Mt. Joy’s concerts at The Mann doubled as a food drive. Fans donated roughly 3,000 pounds of food

Sharing Excess collected roughly 3,000 pounds of food donations outside of The Mann Center during Mt. Joy’s two shows over the weekend.

The Philadelphia-based nonprofit used the donations to create 2,500 meals that have been distributed to the Sunday Love Project and the Northwest Mutual Aid Collective, two organizations fighting food insecurity throughout the city.

Thousands attended the concerts held at the Skyline Stage, including a sold-out first night. Sharing Excess requested fans donate healthy nonperishable items, and they delivered, bringing in lots of soup, granola bars, pasta, as well as capers.

“Someone, I guess, had a lot of capers in their shelves,” Sharing Excess director Evan Ehlers said. “But, hey, we love it. We love all different kinds of food, and so do the communities that we serve. So we were able to get a lot of really good shelf stable items that were perfect for the organizations that feed families that are looking for those types of food.”

Sharing Excess accepted food donations outside of The Mann Center on Aug. 12 and 13 ahead of Mt. Joy’s two-night stint at the venue. (Credit Cory Sharber/WHYY)

Mt. Joy thanked the nonprofit for their efforts to fight food insecurity from the stage during their second night of homecoming shows. Ehlers said seeing the band happy to work with Sharing Excess “meant the world to us as well.”

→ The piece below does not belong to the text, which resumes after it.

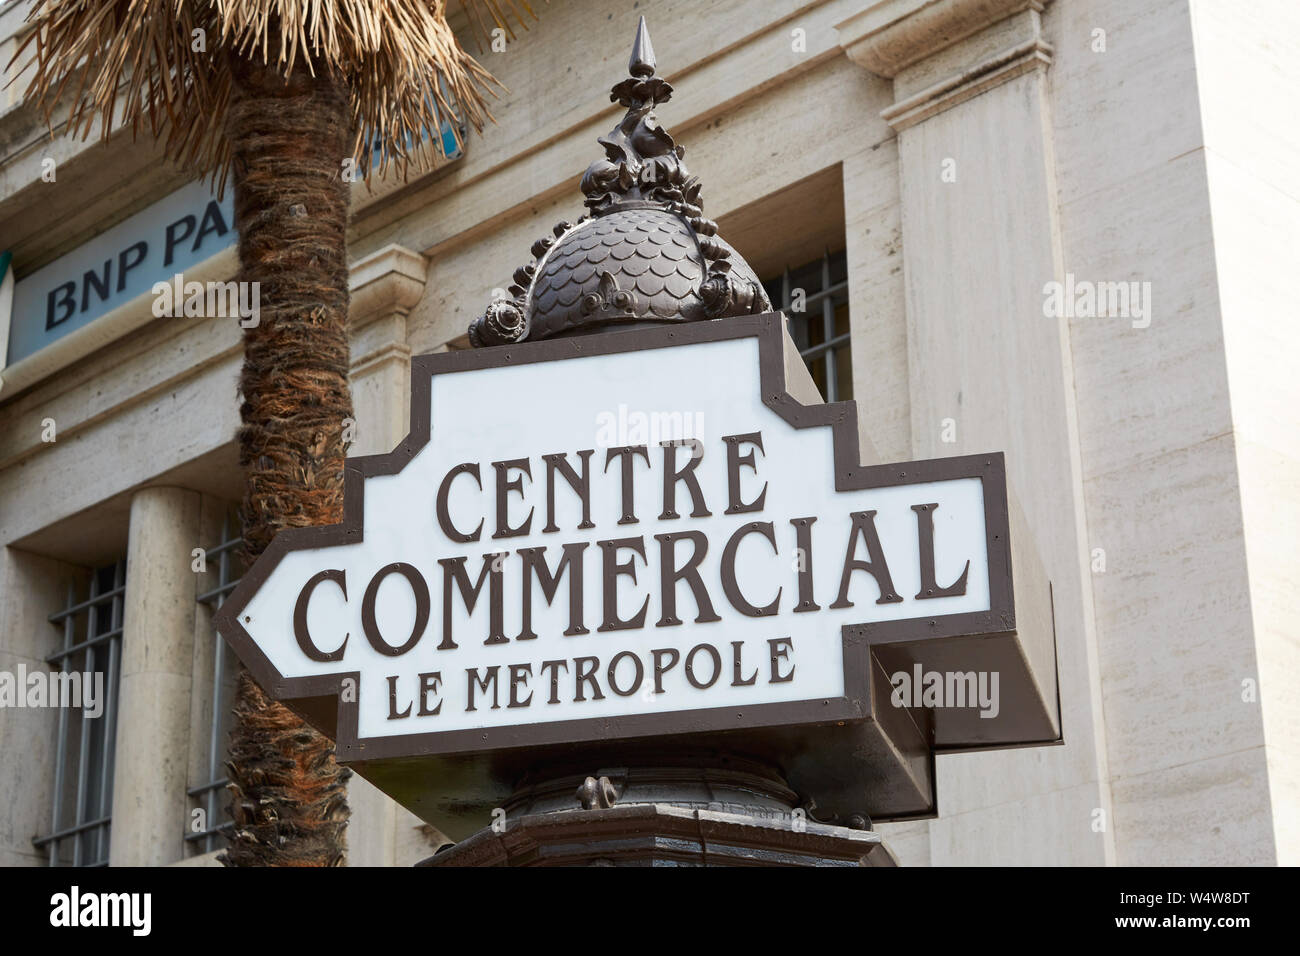 MONTE CARLO, MONACO - AUGUST 20, 2016: Le Metropole, luxury shopping center ancient sign in Monte Carlo, Monaco. Stock Photo

“The way that they put it, which I love, is how this is not only an opportunity for them to play a great set, but also an opportunity for them to give back to the city that they’re playing in, but most importantly, the city that they came from and one that they obviously care very deeply about,” Ehlers said.

This was the first time Sharing Excess partnered with an artist to do a direct food drive outside of the venue. Ehlers said they’ll be working with as many artists as they can to host more of these down the line.

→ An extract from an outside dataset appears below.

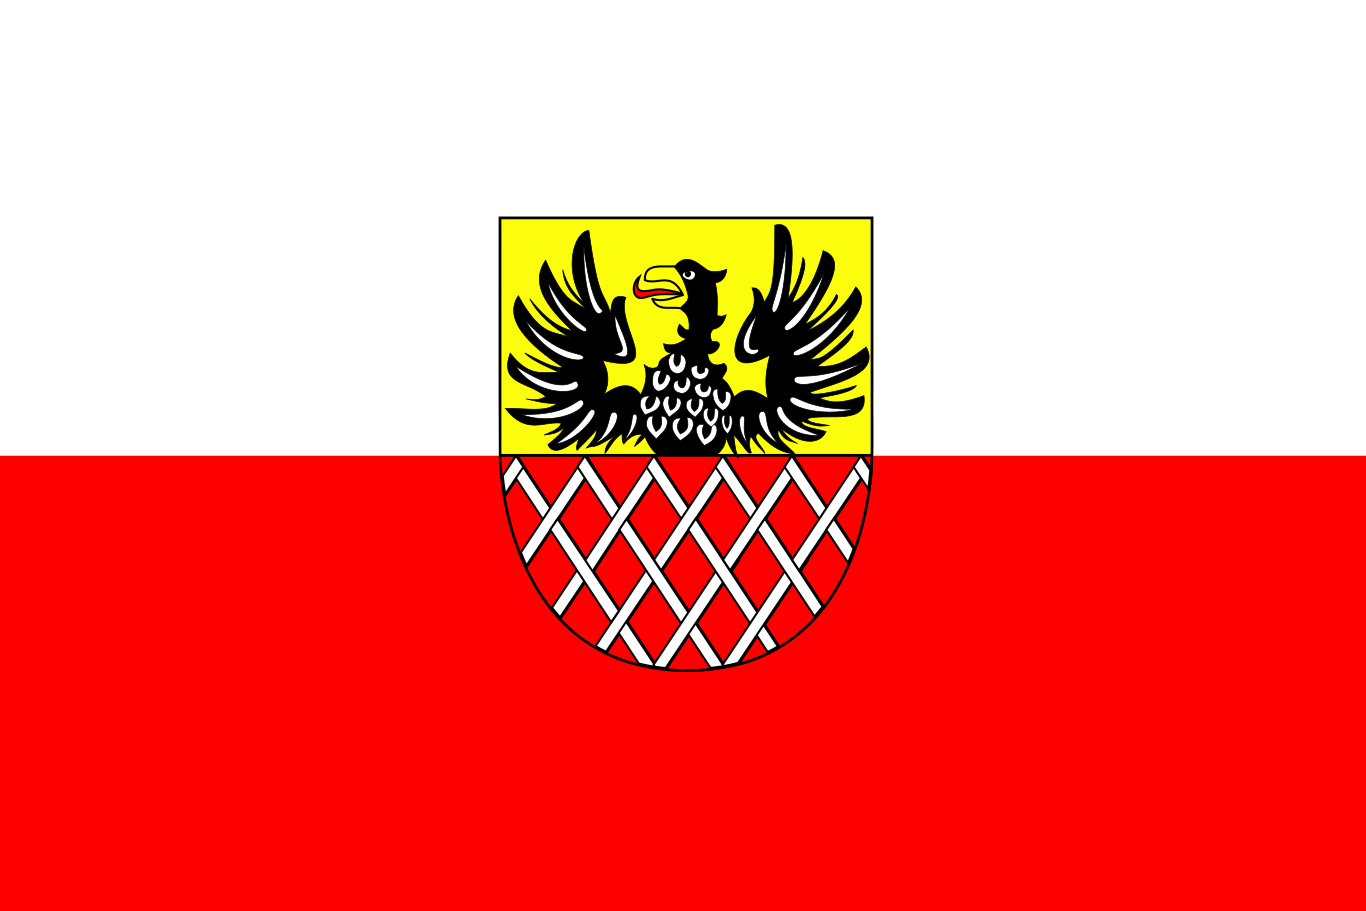 Obrázek vlajky města Cheb v rozlišení 1366x911 Karlovarský kraj Chebská vlajka

“Music speaks to the soul and so does food,” Ehlers said. “And if there’s a way for us to mesh those two passions of both our team and the communities that we serve, we really see that as a symbiotic mission to not only help get more food into the hands of people who need it, but also spread the awareness that there are organizations that you can support in the same way that you come out to show love for the music that you enjoy.”


The nonprofit, which started on Drexel University’s campus in 2018 and has since grown to a nationwide operation, redistributes over 250,000 pounds of food a week.